Jason Statham is at his silent but deadly best as H, a modern take on Eastwood’s “man with no name”. He’s connected, lethal and very pissed off.

In one of Ritchie’s best moves, the film opens with an armored car heist seen from only one, very limited angle, a fixed camera pointing at the front passenger seat of the vehicle. What we see is a well-planned, ferocious takedown of the truck. We also hear a lot of confusion and gunfire. Then the film rolls into a terrific main title sequence on par with Daniel Kleinmann’s work on the most recent Bond films.

H applies for work at the armored car company, where he quickly impresses his trainer Bullet (Holt McCallany from Netflix’s “Manhunter” series). They work out of a modern and seemingly impenetrable security base. Josh Hartnett (Pearl Harbor) is back on the big screen as Boy Sweat Dave, a trigger happy guard. Scott Eastwood is excellent as Jan, the Alpha Male of the squad and Jeffrey Donovan (Sicario) brings menace as Jackson.

Before his first month is out, H is employee of the decade, single handedly taking down any and all that attempt to penetrate his vehicle. Statham is excellent in these moments, topping Liam Neeson’s “special set of skills” as he destroys any and all attackers.
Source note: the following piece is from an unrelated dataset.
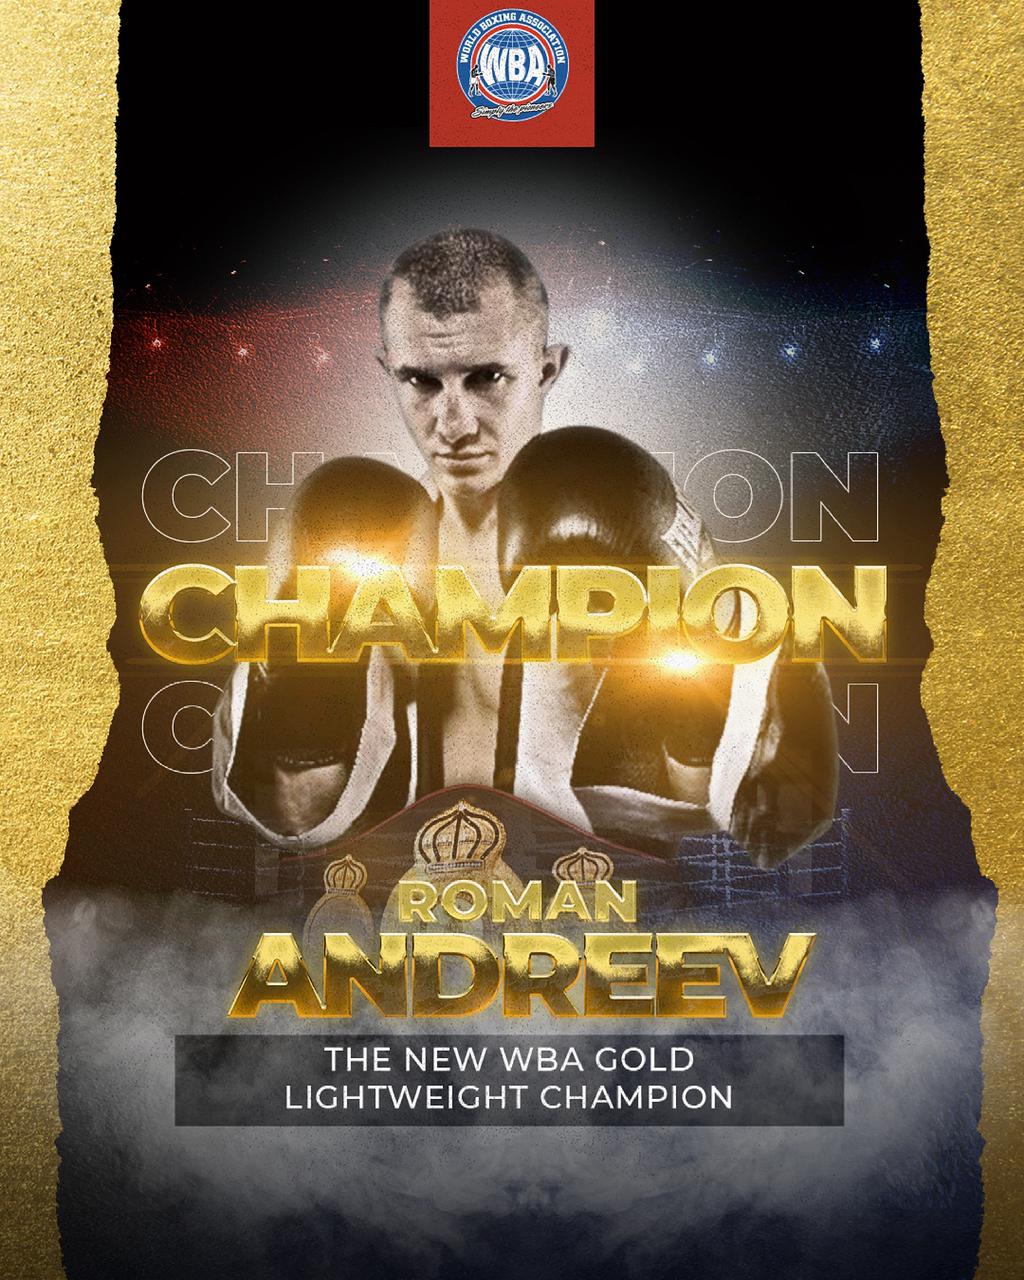 Roman Andreev defeats Fonseca and is the new WBA-Gold Lightweight champion
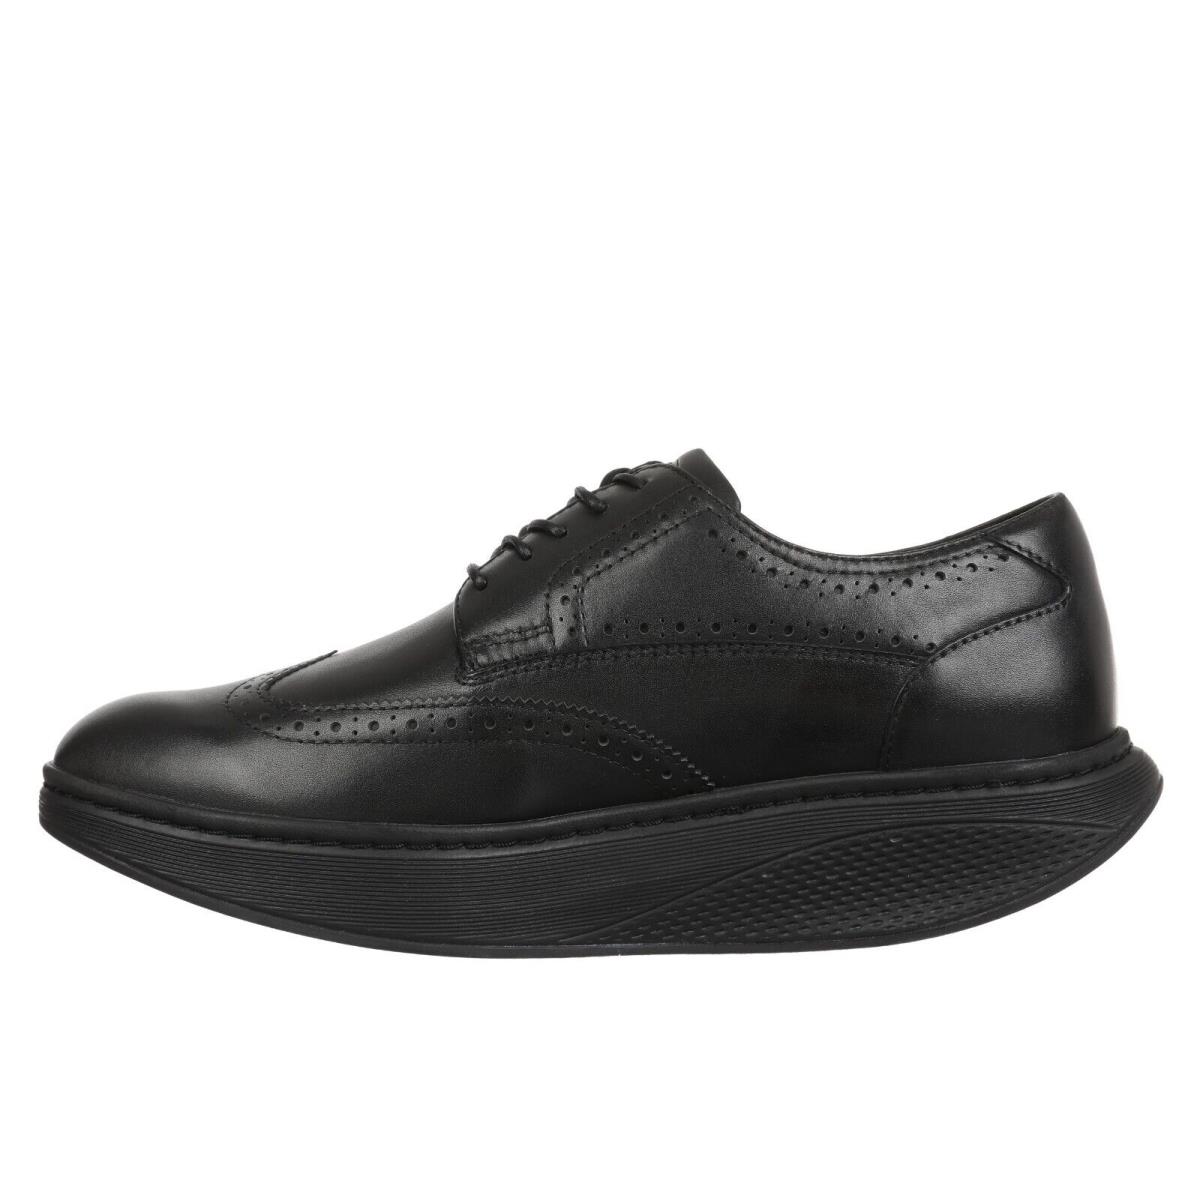 MBT shoes Wing - Black Calf Leather Manufacture 1

Ritchie slowly unpeels the real reason H has taken on the job.

We begin to see different camera angles of the heist that opened the film and each one reveals more about H’s very personal mission of revenge.

Statham’s hate and grief is explosive when he has a weapon in his hand, but his moments with his ex-wife show a broken man out of words. He’s only got violence left in him and when it goes off, Ritchie (Lock Stock and Two Smoking Barrels, Snatch, The Gentlemen) stages the action with reliable style. He also makes great use of the Los Angeles locations, moving between the glitz of downtown and the grit of industrial LA.

My only major complaint is that the dialogue in the first half hour of the film feels like it was written by aliens trying to imitate human behavior. The locker room talk is painfully bad. The screenplay credits five different writers, but maybe a sixth should have brought a red pen for all the “here’s how tough guys in America talk” floundering.

Less talk, more action.

When Ritchie sticks to that mantra, or keeps his camera focuses on Statham, McCallany, Eastwood and Donovan, it’s a thrilling blast.

WRATH OF MAN gets a B- teetering toward a C but kept above by sheer momentum and its satisfying finale.